En sus dos años como forense, Clement había llegado a leer a los miembros de los jurados con tanta claridad como si fueran sus viejos libros de medicina. Con independencia del caso, había aprendido que todos los jurados tenían ciertas cosas en común.

Casi todos, por ejemplo, estaban preocupados y eran conscientes de la carga que suponía para ellos cumplir con su deber cívico. Eso era más evidente todavía en los casos obvios de suicidio, en los que ninguno deseaba aumentar el dolor de las familias que estaban pasando el duelo insistiendo en ese punto, y en los que, casi siempre que emitían ese veredicto, incluían la frase «mientras el equilibrio de su mente estaba perturbado».

A veces tenían miedo, sí, por ejemplo, si la causa de la muerte era demasiado espeluznante y sabían que tendrían que escuchar pruebas horribles, como la de algún pobre trabajador agrícola siendo arrastrado por una cosechadora u algo similar. En el caso de una muerte sospechosa —lo cual era poco frecuente—, siempre se añadía un elemento de excitación y escándalo que les daba un brillo particular a sus mejillas.

Clement había visto toda clase de personas formando parte de un jurado: trabajadores, amas de casa, madres, algunos profesionales y de vez en cuando algún holgazán o académico. En general, se trataba de hombres y mujeres buenos, honrados —aunque no especialmente inteligentes— y de nivel medio, en los que se podía confiar para que tuvieran sentido común y emitieran un veredicto sensato. Pero si, por casualidad, parecía que estaban a punto de desviarse del camino recto y emitir un veredicto absurdo porque se habían creído superiores o se habían confundido o desorientado, su trabajo consistía en reconducirlos hacia la dirección correcta.

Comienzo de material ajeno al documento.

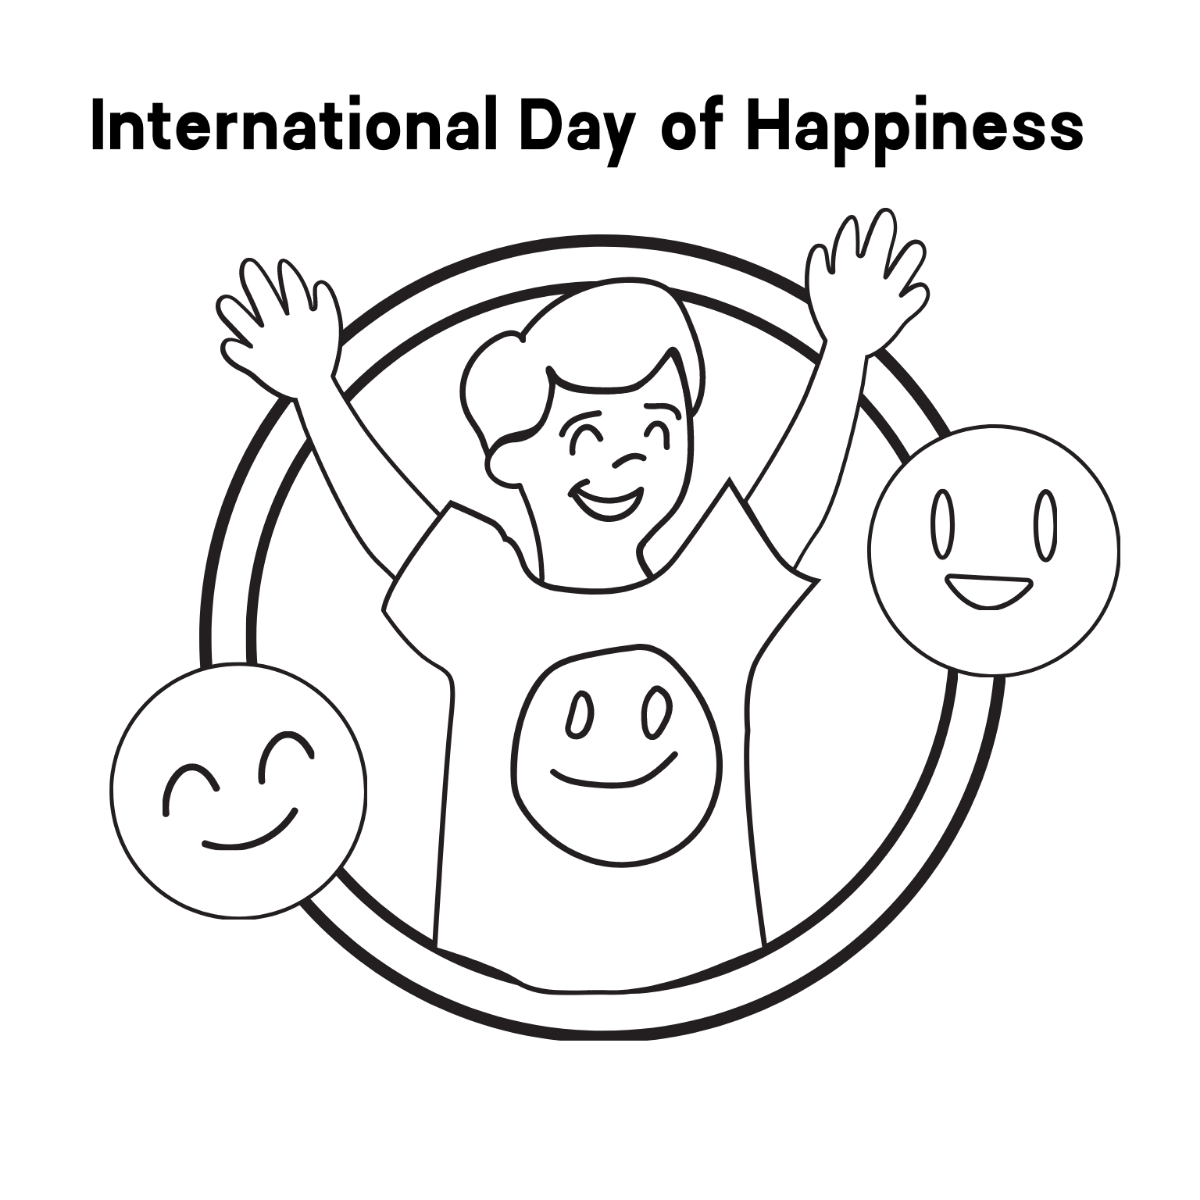 International Day of Happiness Drawing Background in EPS, Illustrator, JPG,  PNG, SVG, PSD - Download | Template.net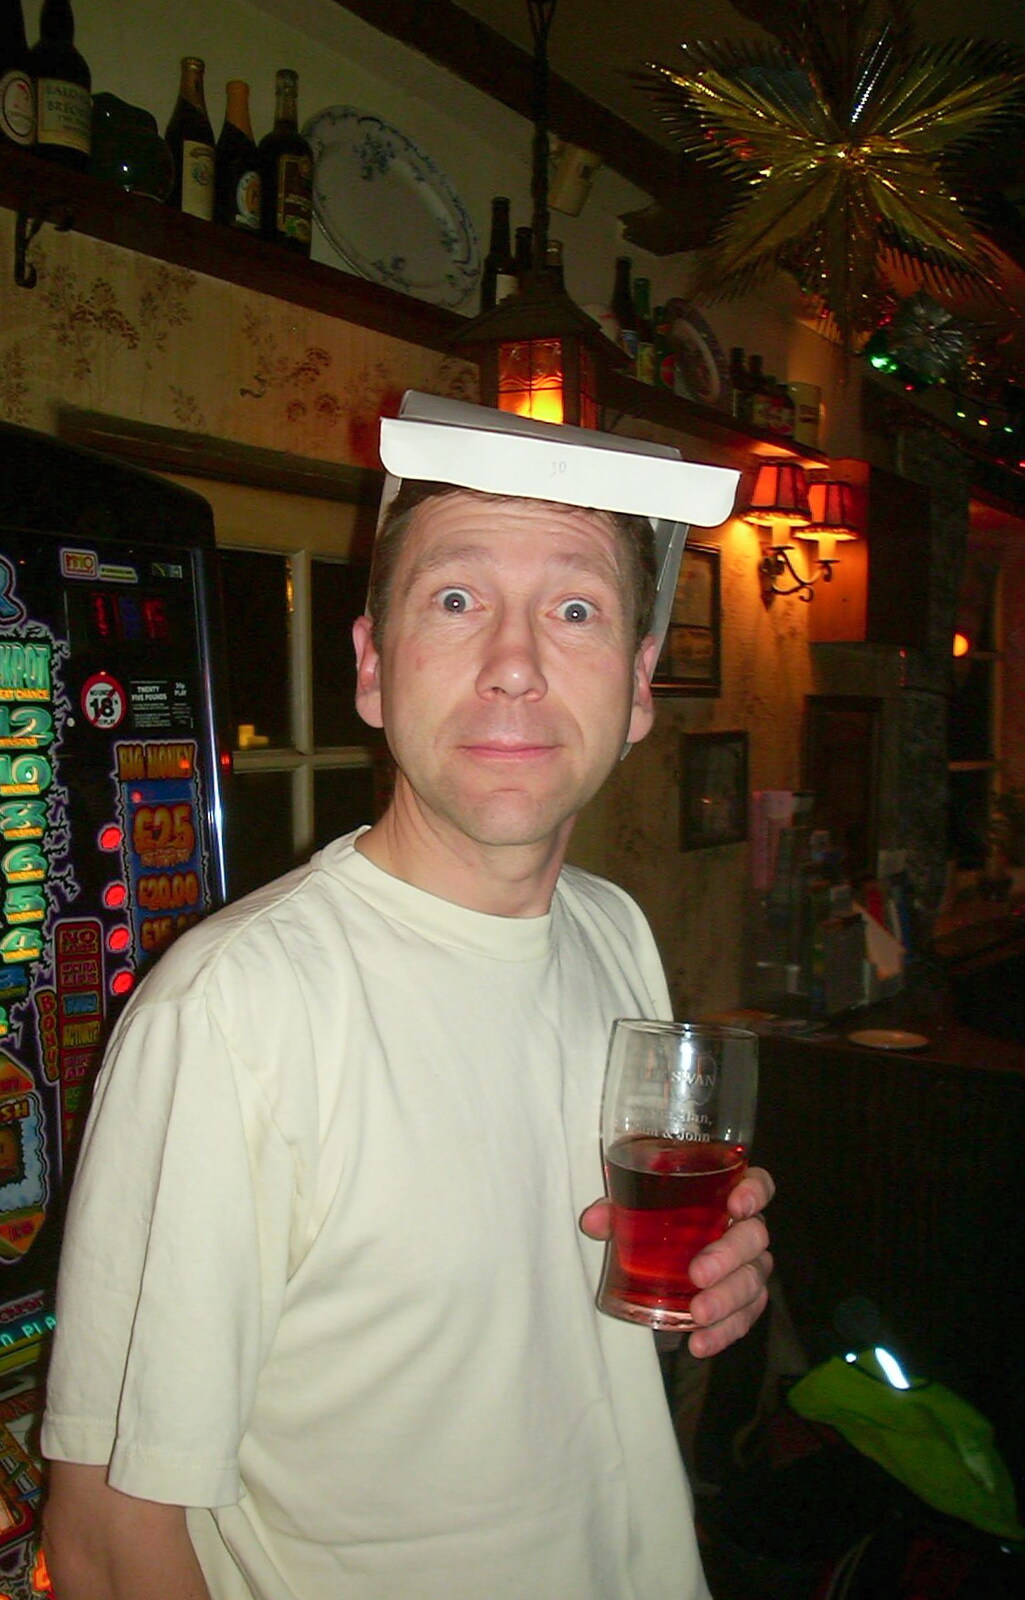 New Year's Eve at the Swan Inn, Brome, Suffolk - 31st December 2002: Apple's got a box on his head

De vez en cuando, algún miembro del jurado le sorprendía. Pero él creía que ya había entendido bien a ese grupo.

El anciano con el desaliñado traje azul, por ejemplo, era evidente que se autoproclamaría presidente del comité y probablemente tendría el respaldo de las dos mujeres de mediana edad que estaban sentadas en el extremo derecho de la fila, pertenecientes al Instituto Femenino. Una mujer más joven y dos hombres jóvenes parecían impacientes y con ganas de terminar pronto. Sin duda, pensaban que tenían cosas mejores que hacer. Un hombre de mediana edad, con la mirada un tanto perdida, se tomaba todo muy en serio, aunque no se podía decir lo mismo de una anciana que tejía algo en secreto en su regazo. En cuanto a los demás, eran la mezcla habitual que se puede encontrar en cualquier lugar frecuentado por la sociedad británica.

Después del testimonio del médico, siguió el de uno de los tutores del chico, quien afirmó que era un joven centrado y confiable, y que probablemente habría aprobado los exámenes con excelentes resultados. Según su conocimiento, Derek Chadworth no tenía problemas de dinero ni de chicas y la última vez que lo había visto estaba tan alegre como siempre. En otras palabras, pensó Clement con indulgencia al mirar al testigo, estaba dejando claro que el chico no tenía ningún motivo para arrojarse al río y causar tantos problemas.

A los miembros del jurado les pareció bien y pudieron relajarse aún más, ya que el desagradable fantasma del suicidio parecía lo menos probable. A continuación, intervinieron los padres del muchacho, y su llorosa madre hizo que todos sintieran compasión e incomodidad a partes iguales. Ella también declaró que la última carta que había recibido de su hijo había sido alegre y llena de planes sobre lo que pensaba hacer una vez que se hubiera matriculado. Cuando el forense le preguntó, dijo que su hijo sabía nadar un poco, pero que no era lo que se dice «muy hábil en el agua».

Hasta el momento, pensó Clement, vigilando con atención el reloj —ya que una de sus tareas era mantener el ritmo del programa y asegurarse de que las cosas no se prolongaran demasiado, pues de lo contrario sus oficiales tendían a impacientarse—, todo parecía indicar que se trataba de una desafortunada aventura o una muerte por ahogamiento accidental.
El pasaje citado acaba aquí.